IF 0.6 Q4 ORTHOPEDICS Pub Date : 2025-03-01 DOI: 10.5704/MOJ.2503.017
H Y Lam, A S Halim, W A Wan-Sulaiman

Surgical management of femur osteomyelitis remains challenging. The burden of this chronic disease invariably results in composite bony and soft tissue defects that can interfere with bony stability. Therefore, reconstructive surgery is integral to functional limb salvage and limb preservatives. To the best of our knowledge, we are the first to report the limb salvaging method and important planning considerations for a case of chronic refractory osteomyelitis. We presented a case of a 31-year-old female with chronic post-traumatic osteomyelitis of the right femur. This intractable disease results in frequent remission of infection and non-union of the midshaft fracture. Surgical management with the implant, external fixation, and cement spacer failed due to infection. This rendered vascularised bone graft with massive allograft the only option. We described the anatomical aberrant during the harvest of free fibula flap and modified chimeric fibula flap to overcome the soft tissue defect complicated with severe fibrotic tissue with a background of an obese patient. She had undergone emergency hematoma evacuation 20 hours after the surgery. Otherwise, the flap survived well, and the patient started to have partial weight bearing. Chimeric fibula osteocutaneous free flap is a useful armament to provide a complex 3-dimensional spatial arrangement in a case of chronic osteomyelitis with huge bony and soft tissue defects.

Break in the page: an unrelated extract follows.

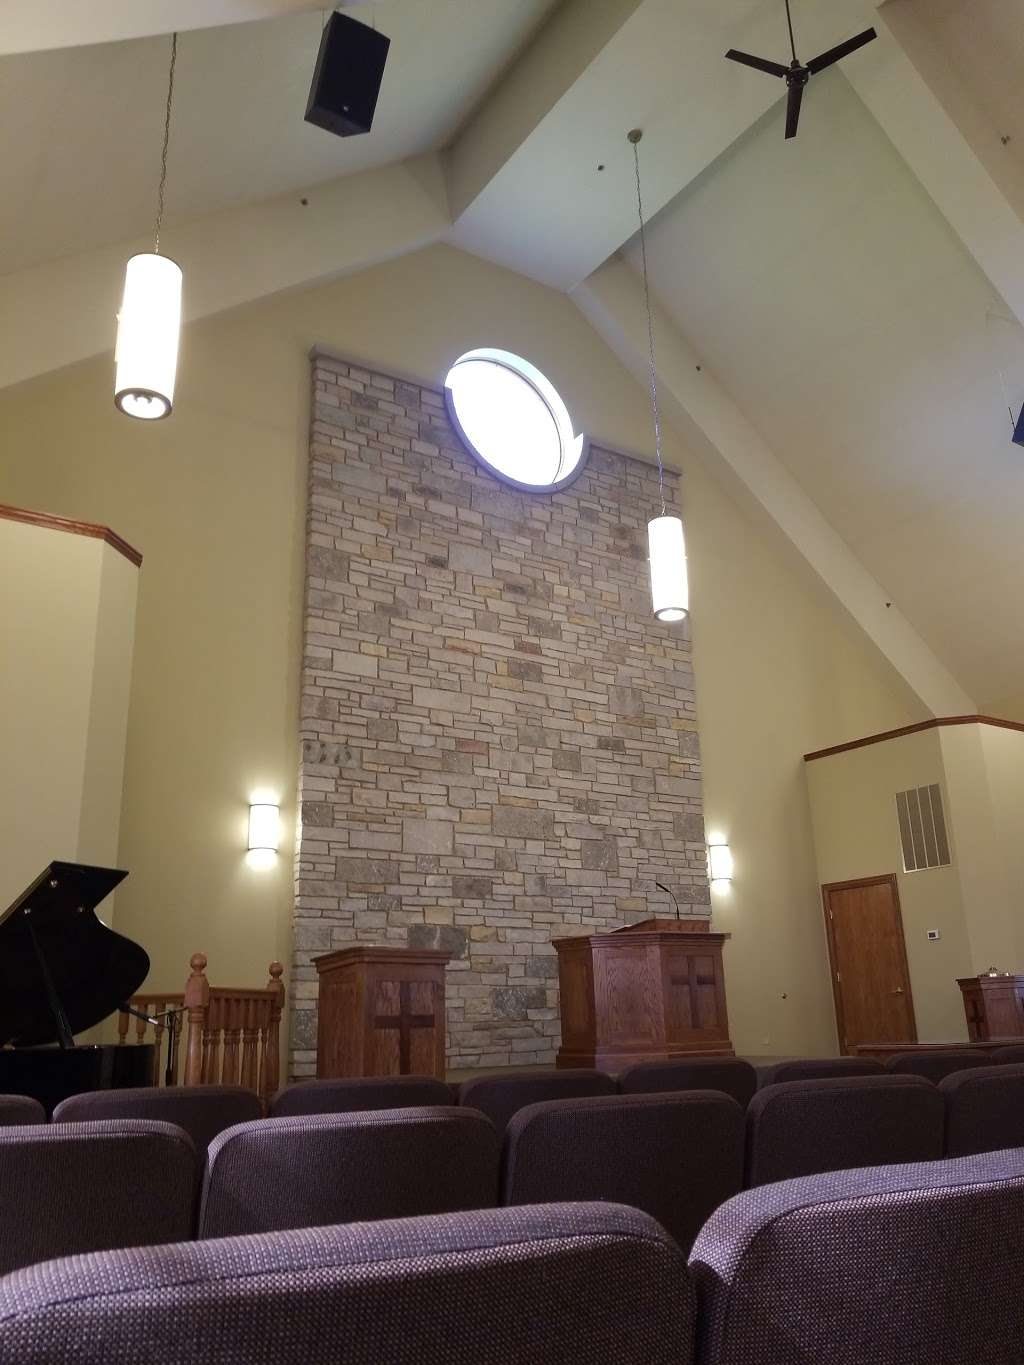 New Covenant Community Church | 1995 Mills Rd, Joliet, IL 60433 | Phone: (815) 603-8533

股骨骨髓炎的外科治疗仍然具有挑战性。这种慢性疾病的负担总是导致复合骨和软组织缺陷,可干扰骨稳定性。因此,重建手术是功能性肢体保存和肢体保存不可或缺的一部分。据我们所知,我们是第一个报道肢体抢救方法和重要规划考虑慢性难治性骨髓炎的病例。我们提出了一个病例31岁的女性慢性创伤后骨髓炎的右股骨。这种难治性疾病导致中轴骨折感染和不愈合的频繁缓解。由于感染,植入物、外固定物和水泥垫片的手术治疗失败。这使得带血管的骨移植物与大量同种异体移植物是唯一的选择。我们以一例肥胖患者为背景,描述了在移植游离腓骨皮瓣和改良嵌合腓骨皮瓣时的解剖异常,以克服软组织缺损合并严重纤维化组织。手术后20小时,她接受了紧急血肿清除手术。否则,皮瓣存活良好,患者开始部分负重。嵌合腓骨骨皮游离皮瓣是一种有效的武器,提供复杂的三维空间安排的情况下,慢性骨髓炎的骨和软组织的巨大缺陷。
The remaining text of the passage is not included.